Enrollment and Intervention Delivery
Enrollment began on February 15, 1998. In a door-to-door survey, 3802 children who were 6 to 30 months of age were identified. Enrollment required that the parent(s) give informed consent and that the families did not intend to emigrate (Fig 1). Exclusion criteria included refusal of consent, likely to move out of the study area within the next 4 months, requiring urgent hospitalization on the scheduled enrollment day, or having received vitamin A within the previous 2 months. The last exclusion criterion was adopted to avoid toxicity, because all included subjects were given a massive dose of vitamin A (100 000 IU to infants and 200 000 IU to older children) at enrollment in addition to zinc or placebo as required by the national program policy. The 2482 enrolled children were randomized to receive zinc gluconate (10 mg of elemental zinc/d to infants and 20 mg/d to older children) or placebo daily for a period of 4 months. The follow-up of the last child was completed on September 30, 2000.

View larger version (30K): [in this window] [in a new window]   Fig 1. Trial profile.

A field attendant administered the syrup daily at home for 4 months except on Sundays, when the mother was asked to administer it. One bottle that contained 250 mL was kept in the child’s home and replaced monthly.

The study was approved by the ethics committee of the All India Institute of Medical Sciences. Informed written consent was obtained from the community leaders. Details of the study were given in writing and also read aloud to the parents in the presence of a witness. Signatures or thumb impressions were obtained on a consent form, and a copy of the document was left with the family.

Trial Size Calculations
Trial size was estimated using information from earlier studies in the same population,¹¹ which reported a diarrhea incidence of 6 episodes/child/y. For detecting a 15% reduction in diarrhea incidence, 996 children were required per group for the 4-month follow-up period. For detecting a 25% reduction in the incidence of diarrhea with a duration of 7 or more days and a similar reduction in episodes with 10 stools per day, 1100 and 1050 children per group, respectively, were required with the same study duration. The value of was taken as 0.05 (95% confidence) and that of ß as 0.1 (90% power) for these calculations. To allow for approximately a 10% attrition rate, we enrolled approximately 1240 children per group.

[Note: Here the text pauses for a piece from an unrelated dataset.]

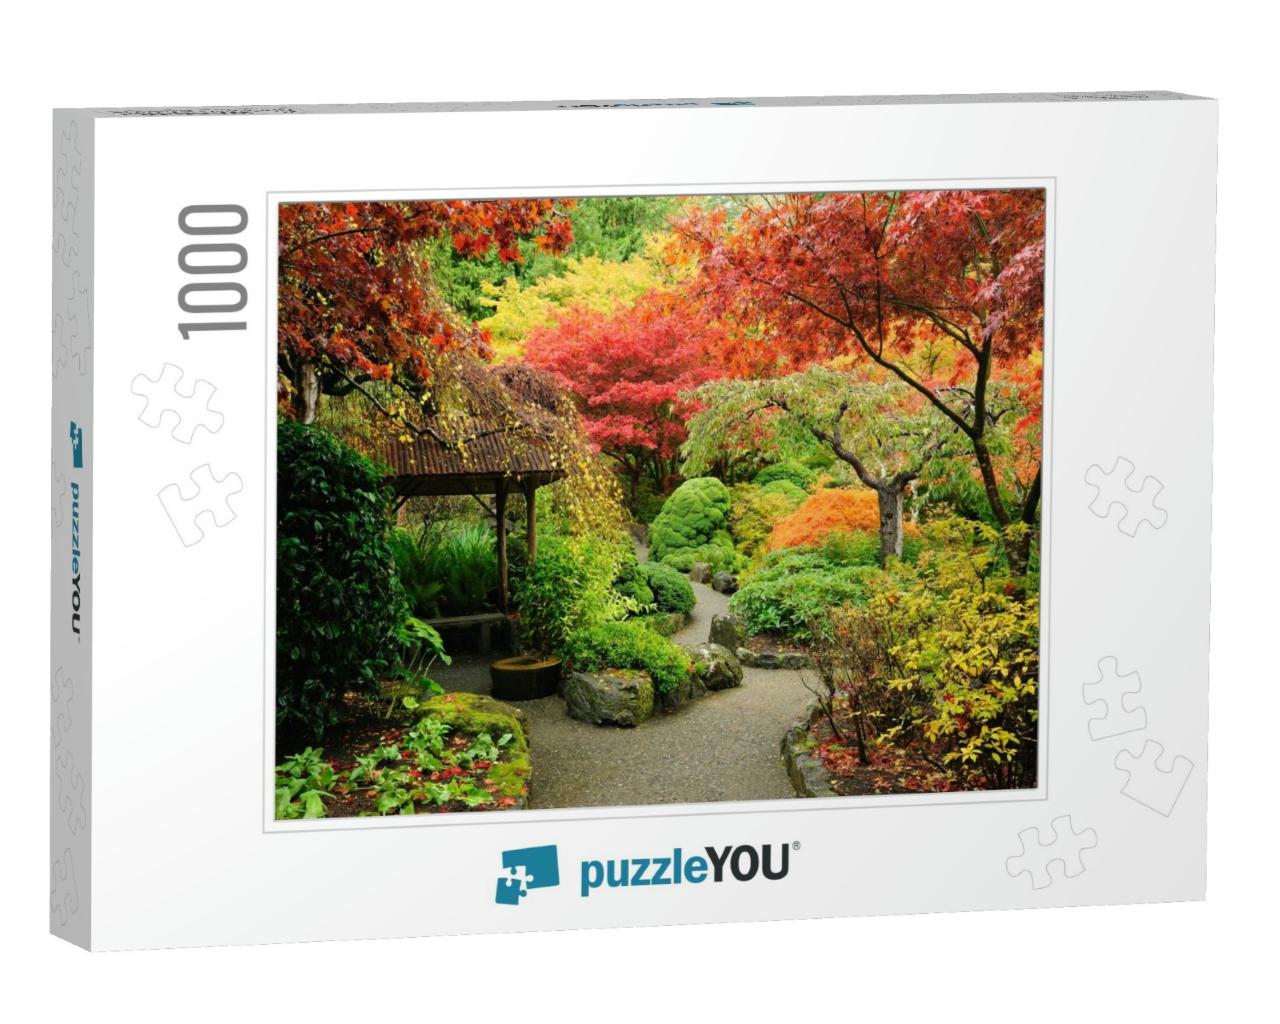 Autumnal Japanese Garden in Victoria, Vancouver Island, B... Jigsaw Puzzle with 1000 pieces

Outcomes and Their Measurement
Field workers visited households every seventh day during the 4-month follow-up period. At each visit, information was obtained for the previous 7 days on history of fever, number and consistency of stools, and presence of cough. When the child was ill, illness characteristics and treatment seeking outside the home were determined. If the child had diarrhea or vomiting, then dehydration was assessed. Growth was assessed through weight and length measurements at enrollment and at the end of the study using Seca Salter Scales and locally manufactured infantometers that read to the nearest 0.1 kg and 0.1 cm, respectively.

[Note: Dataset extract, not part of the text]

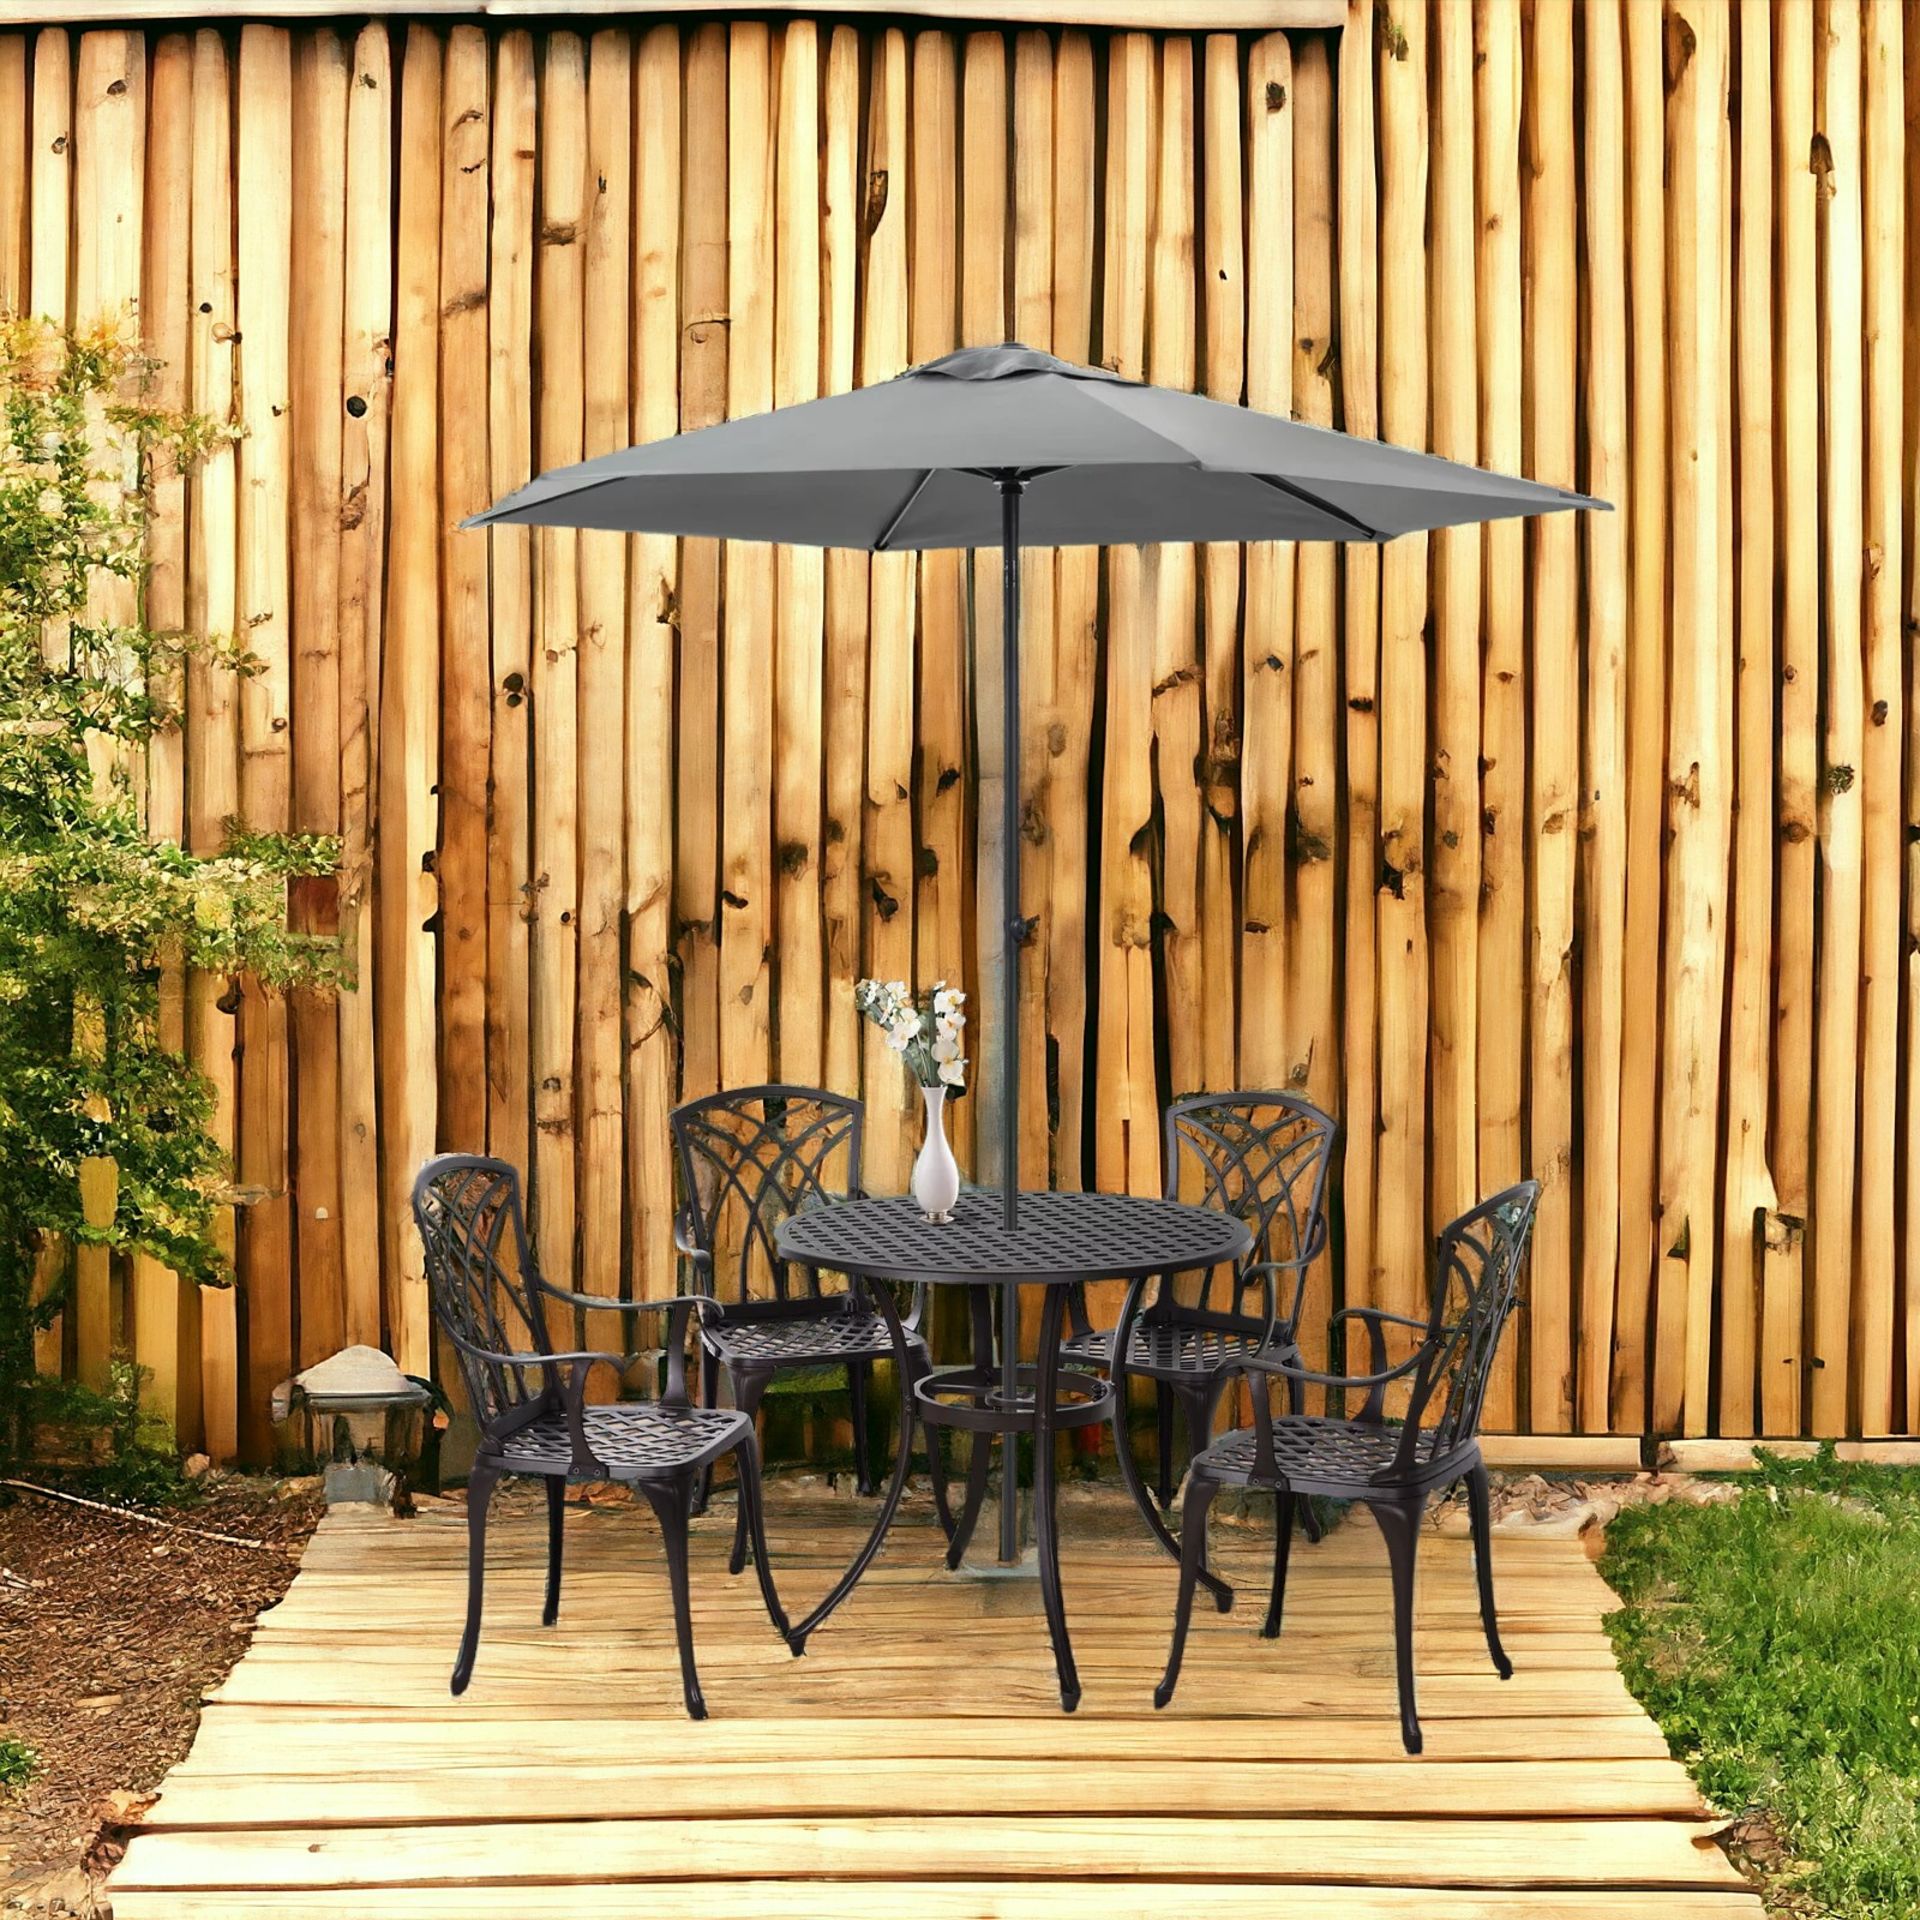 FREE DELIVERY- BRAND NEW 5 PCS COFFEE TABLE CHAIRS OUTDOOR GARDEN FURNITURE SET W/ - Image 3 of 3

At household visits, 2 packets of oral rehydration salts were given when a child had diarrhea. At enrollment, caregivers were informed that clinical services for their children would be available at the study clinic established in the community. Children who visited the clinic spontaneously or sick children who were referred to the clinic by field workers were treated according to the World Health Organization guidelines for Integrated Management of Childhood Illnesses.¹²

Plasma Zinc
At enrollment, nonfasting venous blood (approximately 5 mL) was drawn in zinc-free heparinized polypropylene tubes (Sarstedt, Nümbrecht, Germany) between 9 and 4 by 1 of the physicians. The heparinized blood was centrifuged, and plasma was transferred to zinc-free polypropylene vials (Eppendorf, Hinz, Germany), which were stored at -20°C until analysis. In a randomly selected 30% subsample, a second blood sample was taken at the end of the study to assess the compliance as reflected by a change in plasma zinc concentration. Approximately half of the plasma specimens were analyzed for zinc using a standard flame furnace atomic absorption spectrophotometer technique (GBC Avanta, Dandenong, Victoria, Australia), and the other half were assessed by inductively coupled plasma atomic emission spectrometry (Ash IRIS/AP, Thermo Jarell, Franklin, MA).^13,14 Seronorm (Sero AS, Billingstad, Norway) was used as the reference standard in every batch of 20 samples in both methods. The 2 methods were calibrated to give the same results before initiating the analysis of study samples. Plasma copper was analyzed simultaneously with plasma zinc in the same sample by inductively coupled plasma atomic emission spectrometry.¹⁴

Standardization and Quality Control
A study manual that described all operating procedures was used during training and throughout the study. Standardization exercises were conducted to achieve agreement within and between study personnel for questionnaire filling, assessment of dehydration, and weight and length measurements. Retraining exercises were conducted every 3 months.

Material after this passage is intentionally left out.